Reits-Gesetz
Branche lechzt nach Immobilien-AGs

Endlich scheint das politische Hin und Her um die Einführung deutscher steuerbegünstigter Immobilienaktiengesellschaften, so genannter Real Estate Investment Trusts (Reits), beendet zu sein. Ende September hat das Bundesfinanzministerium den Entwurf eines Reit-Gesetzes den beteiligten Ressorts und den Ländern zur Abstimmung übersandt. Das Bundeskabinett wird voraussichtlich am 25. Oktober diesen Entwurf verabschieden.

HB FRANKFURT. "Das Bundesfinanzministerium hat nunmehr seine Hausaufgaben gemacht", meint Wolfgang Schäfers, Leiter des Bereichs Real Estate Investment Banking bei Sal. Oppenheim. Mit der Einführung von Reits, so heißt es aus dem Bundesfinanzministerium, wolle man die Wettbewerbsgleichheit gegenüber anderen europäischen Finanz- und Immobilienstandorten herstellen und so einen weiteren Beitrag zur Stärkung des Wirtschaftsstandorts Deutschland leisten. "Durch ein solches Vehikel können steuerliche Anreize geschaffen und Investmentmöglicheiten geboten werden", stimmt Sascha Hettrich, Vorsitzender des internationalen Maklerverbandes RICS Deutschland, zu.

In den USA gibt es Reits nun schon seit mehr als 45 Jahren. Auch in einigen europäischen Ländern sind sie längst eingeführt. In Holland gibt es sie beispielsweise schon seit 1969, in Belgien seit 1995 und seit 2003 ebenso in Frankreich. Großbritannien will den Markt für Reits am 1. Januar 2007 freigegeben.

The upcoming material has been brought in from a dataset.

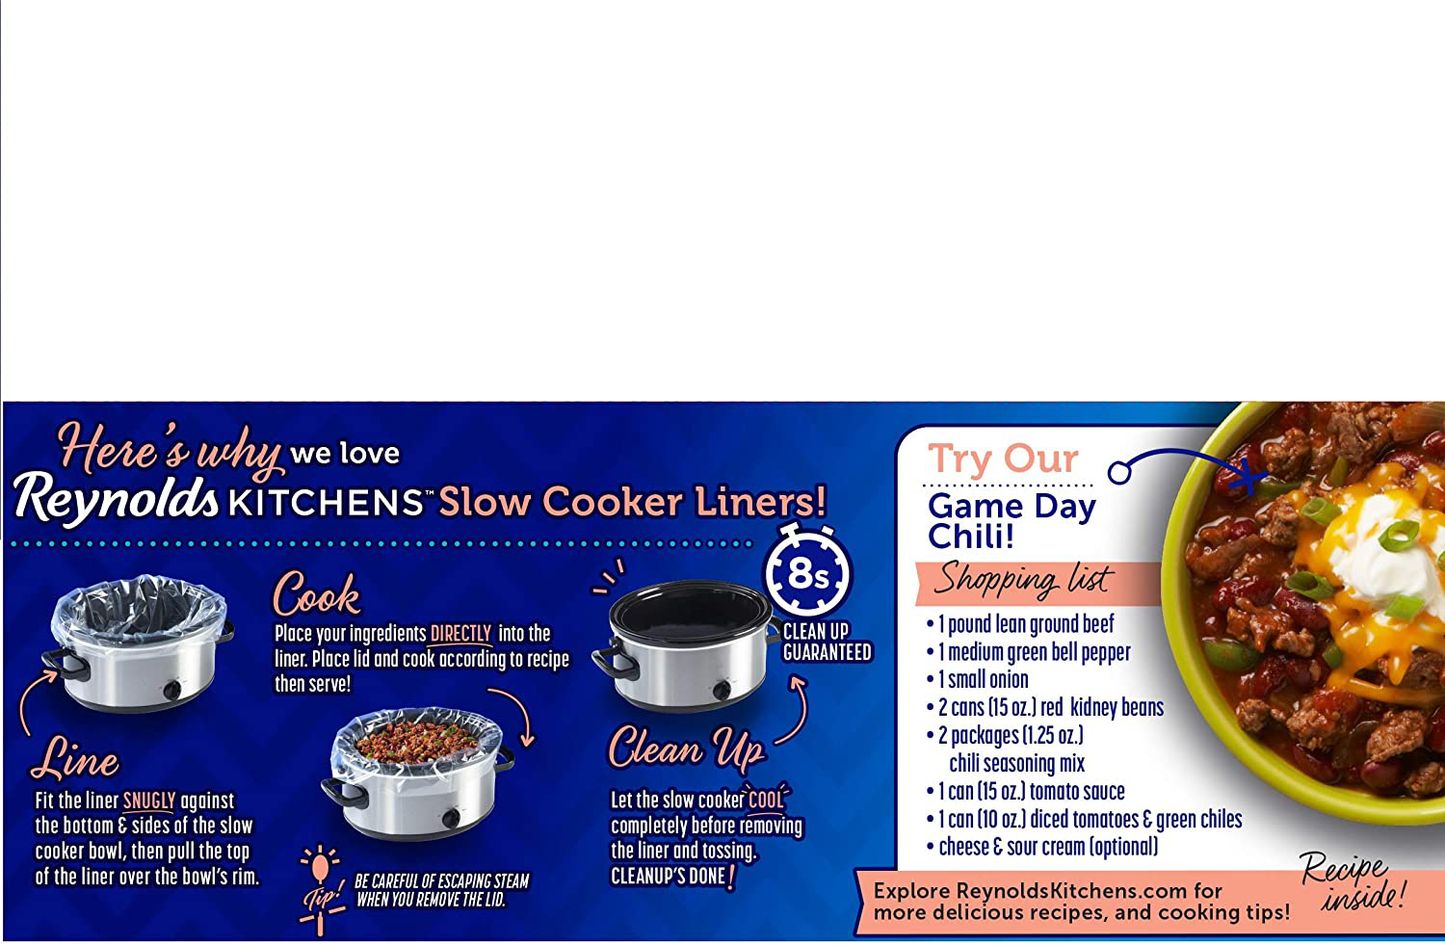 Reynolds Kitchens Slow Cooker Liners Regular Size 6 Count (Pack of 1)

Diesen Zeitpunkt strebt nun auch Deutschland zur Einführung der Reits an. Ob der Termin eingehalten werden kann, wird davon abhängen, ob sich das Bundeskabinett am 25. Oktober mit dem Gesetzentwurf befassen kann. Ansonsten könnte sich der Start der Reits nochmals verschieben. Das gilt auch für den Fall, dass die relevanten Ministerien Änderungen im Entwurfstexten wünschen sollten. "Sollte sich der Prozess verzögern, wird das Gesetz rückwirkend zu Jahresbeginn eingeführt werden", meint ein Sprecher des Bundesfinanzministeriums.

Eine Verzögerung hielte Hettrich für äußerst hinderlich: "Sofern die Einführung der Reits nicht rechtzeitig erfolgt, wird die deutsche Immobilienwirtschaft einmal mehr im Nachteil sein." Denn bereits heute würden internationale und europäische Reits in Deutschland einkaufen und die akquirierten Anlageobjekte in die in New York, Sydney oder demnächst in London oder Paris ansässigen Reits einstellen.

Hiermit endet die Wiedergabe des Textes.